» WORK INSTRUCTIONS
Output nothing except the lines from the one containing "Fantastisch Mitte Des" through the final line of the data, both included, typed exactly, minus the pictures.

» EXERCISE DATA
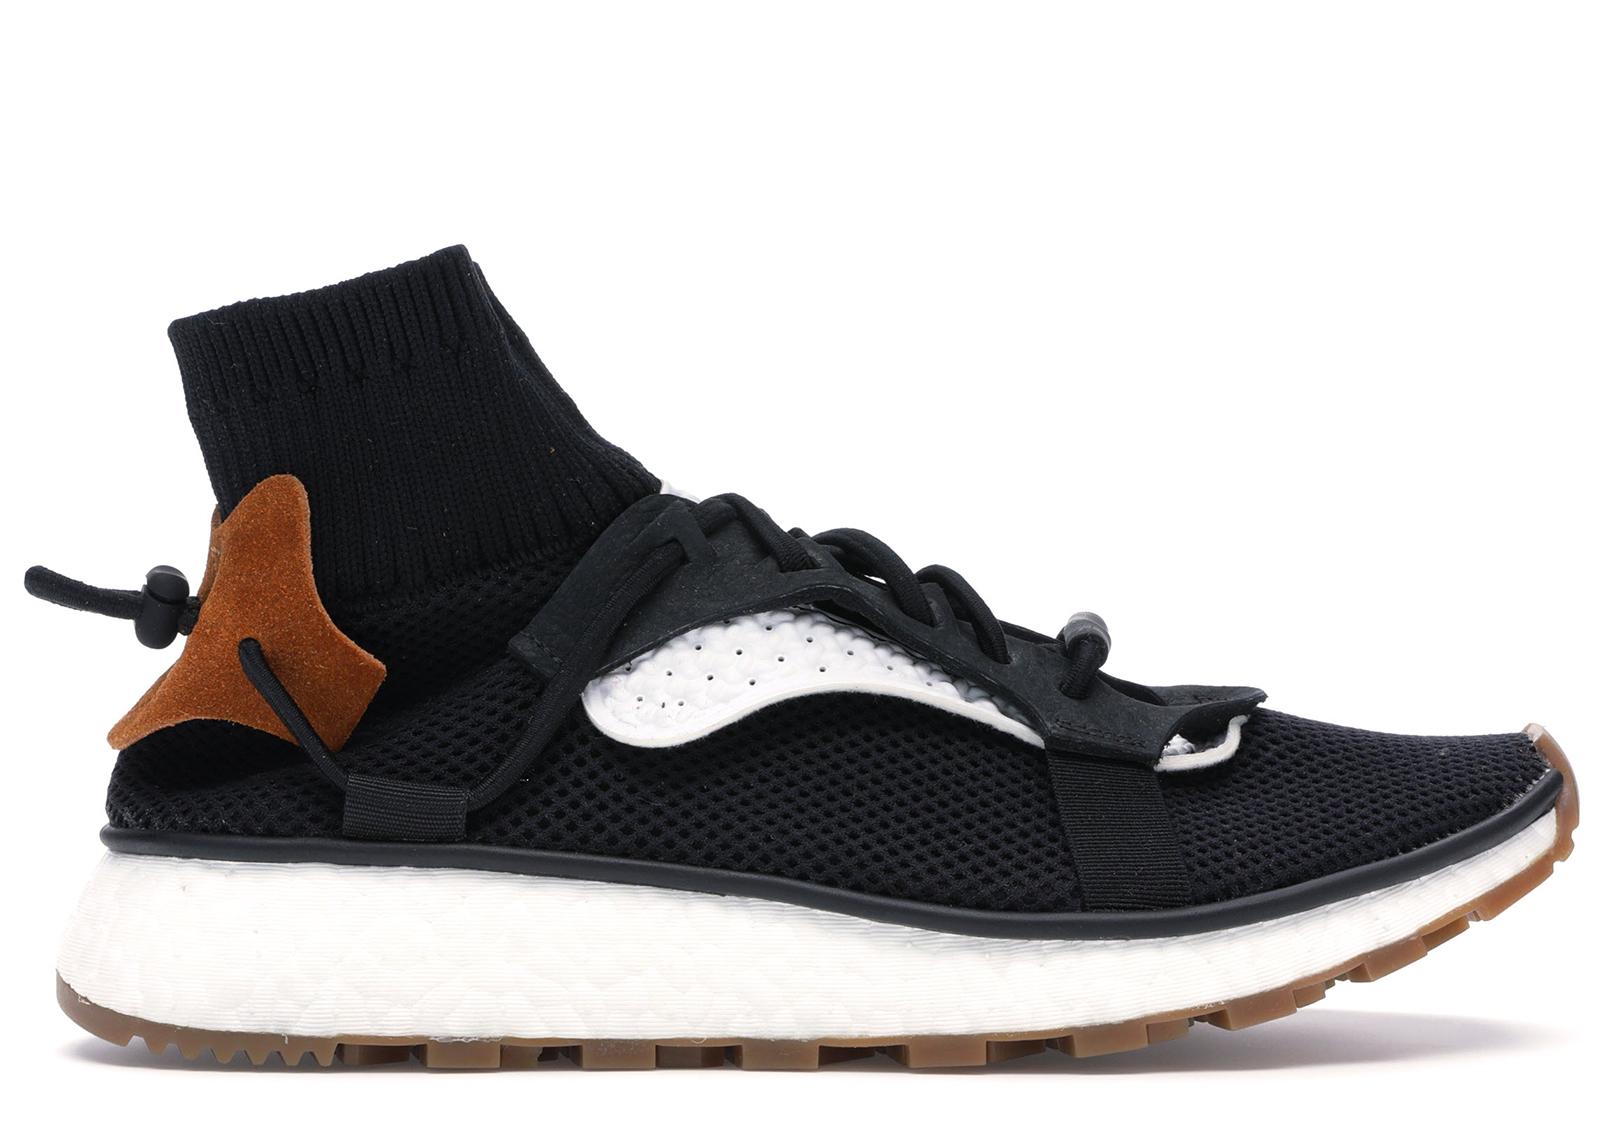 adidas x Alexander Wang AW Run Sneakers Weiß Herren Schuhe
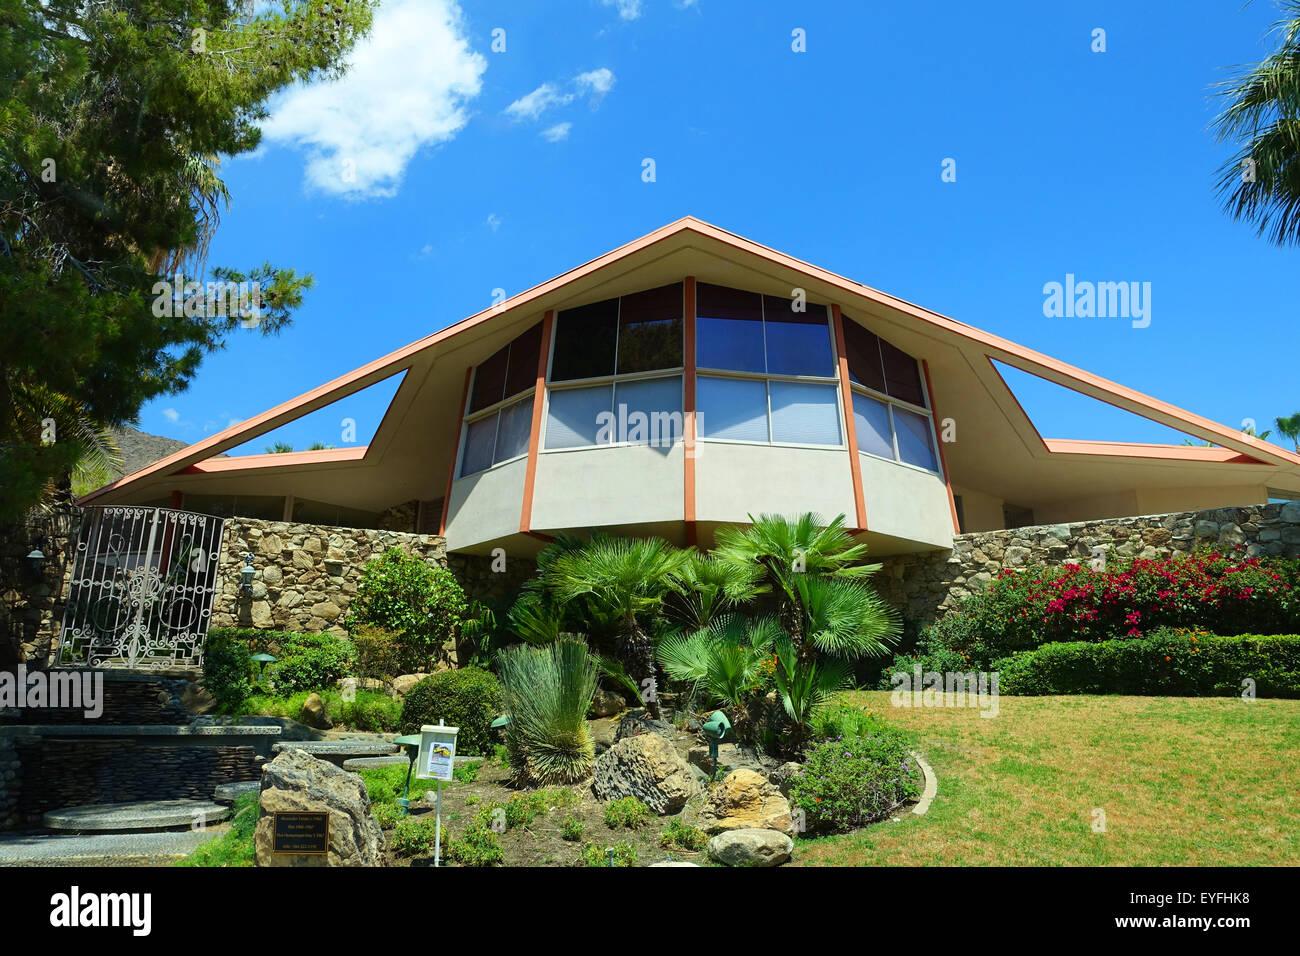 Fantastisch Mitte Des Jahrhunderts Moderne Haus In Palm Springs, Kalifornien Von  Frischvermählten Elvis Und Priscilla Presley Besetzt. (Honeymoon Hideaway)
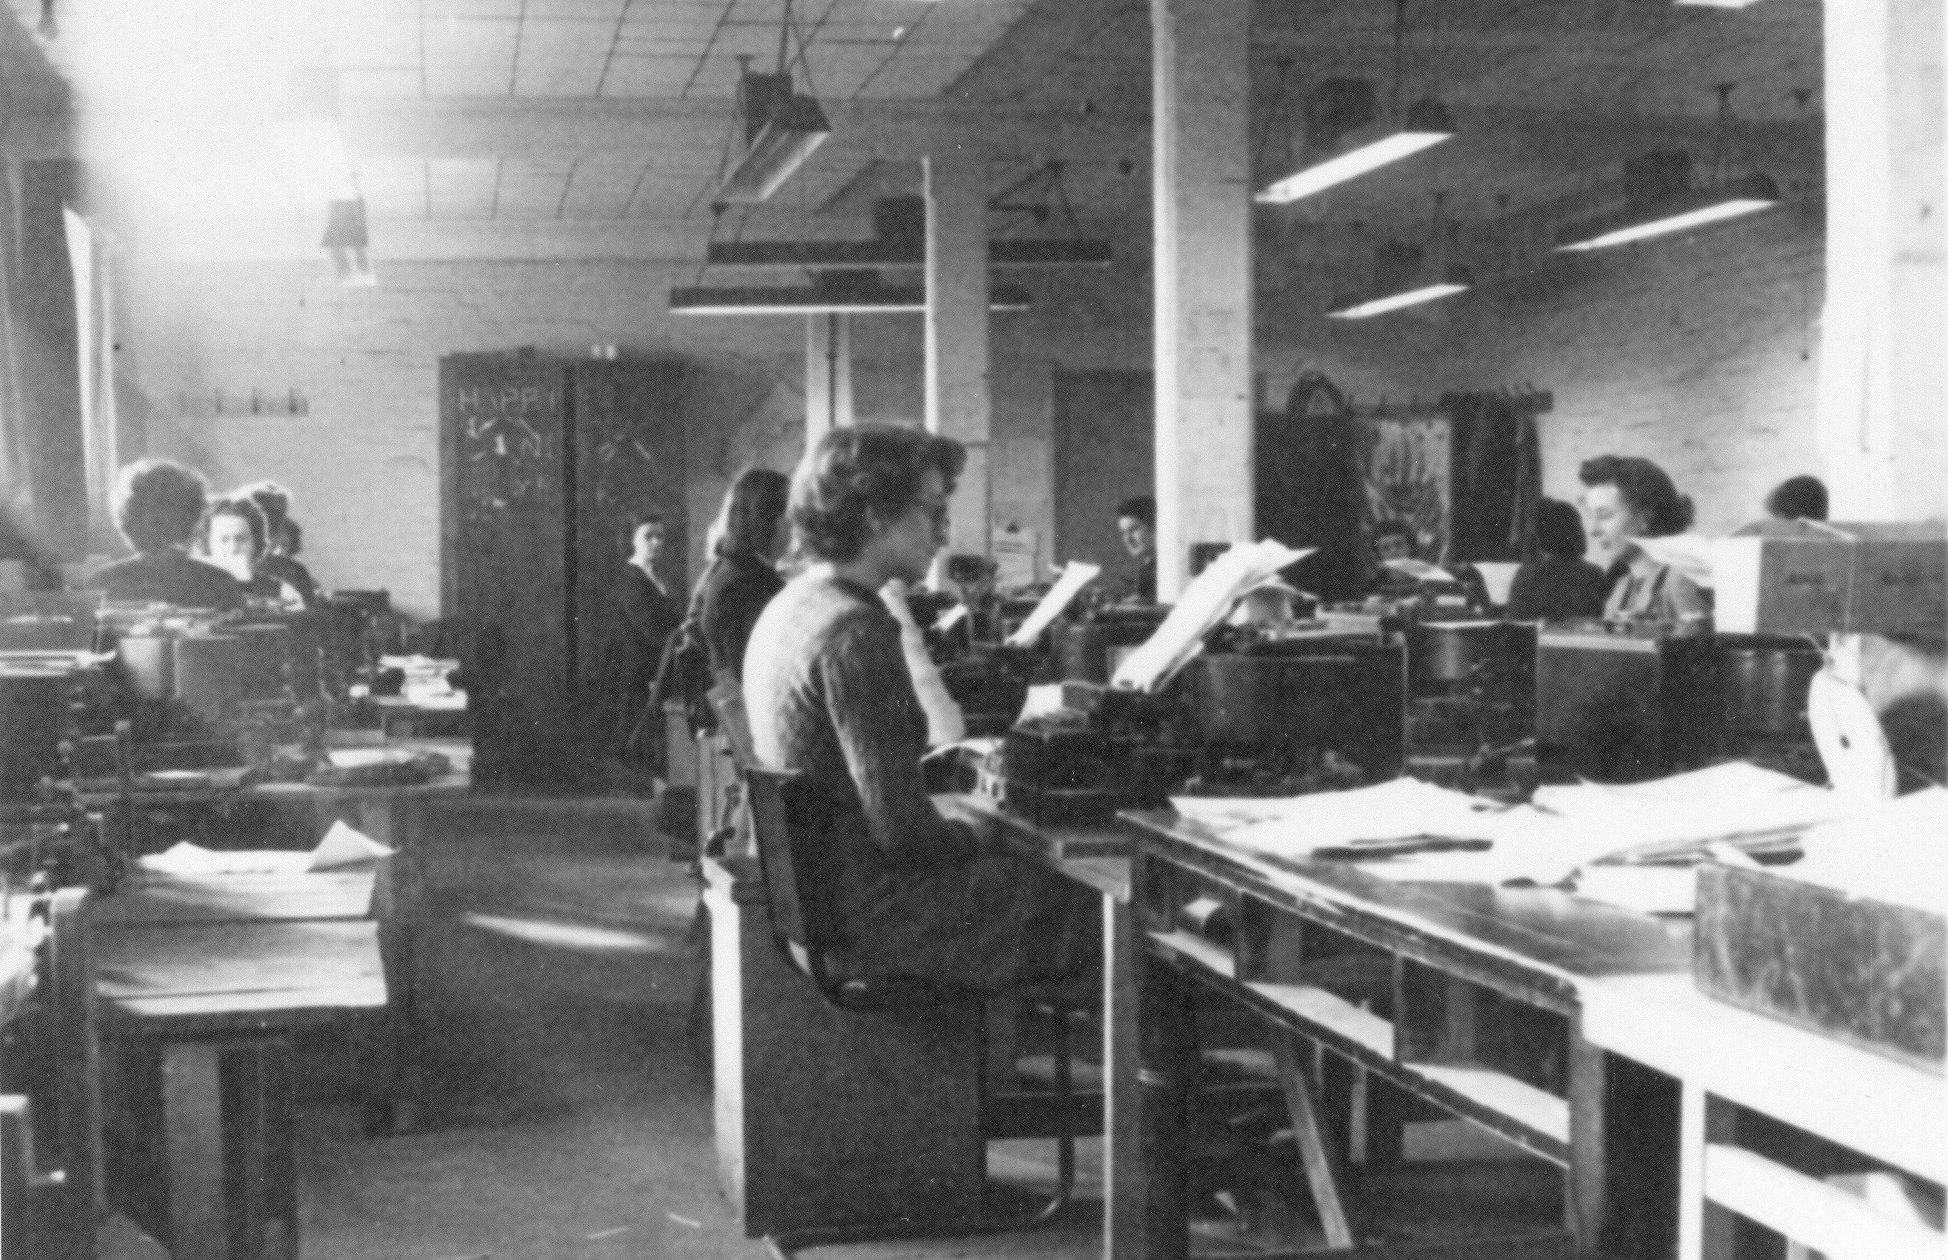 Watch Captures Spirit Of World War Ii Code Breakers
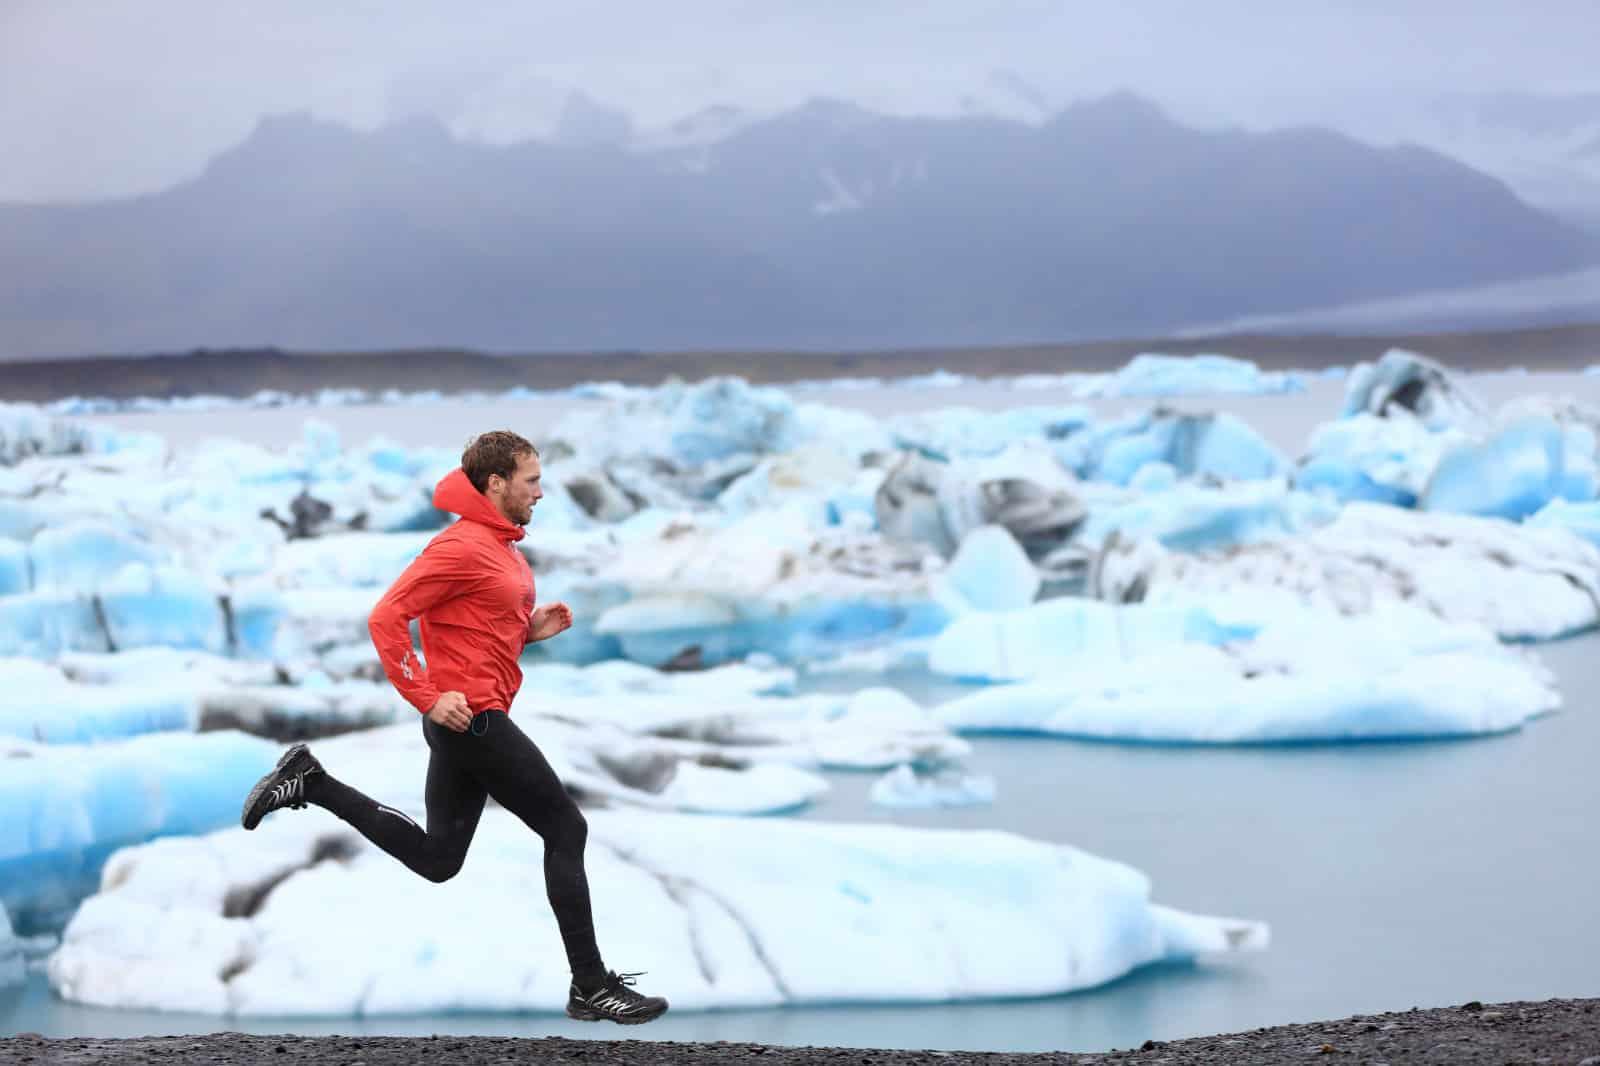 Ako správne behať - technika správneho behu v ôsmych krokoch
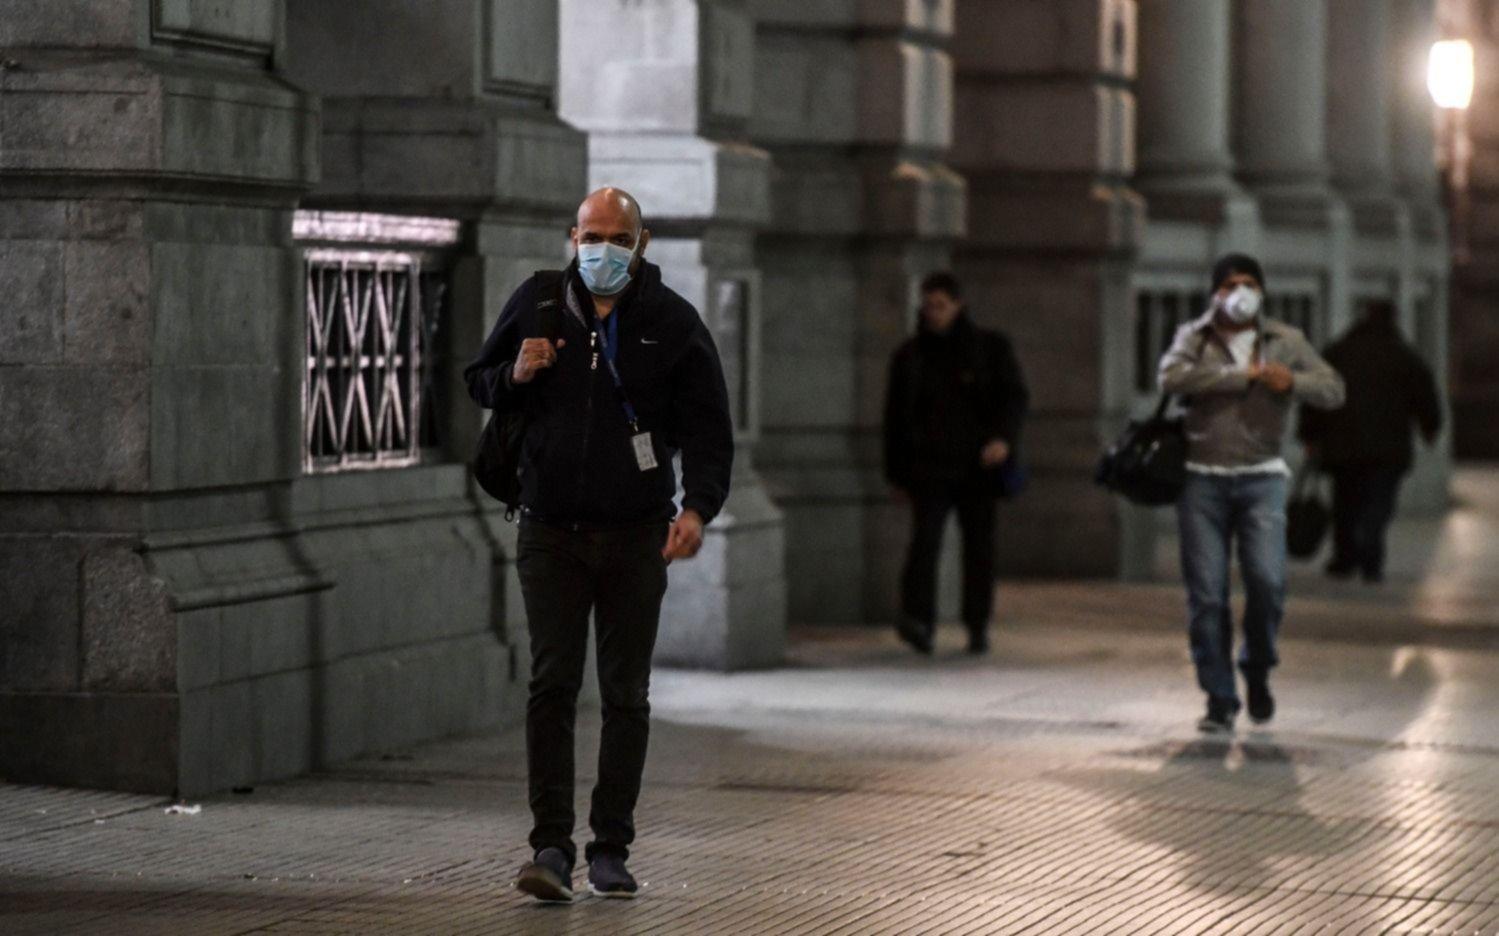 Giro de prioridades tras más de 100 días de cuarentena

» SOLUTION TO THE EXERCISE
 Fantastisch Mitte Des Jahrhunderts Moderne Haus In Palm Springs, Kalifornien Von  Frischvermählten Elvis Und Priscilla Presley Besetzt. (Honeymoon Hideaway)
 Watch Captures Spirit Of World War Ii Code Breakers
 Ako správne behať - technika správneho behu v ôsmych krokoch
 Giro de prioridades tras más de 100 días de cuarentena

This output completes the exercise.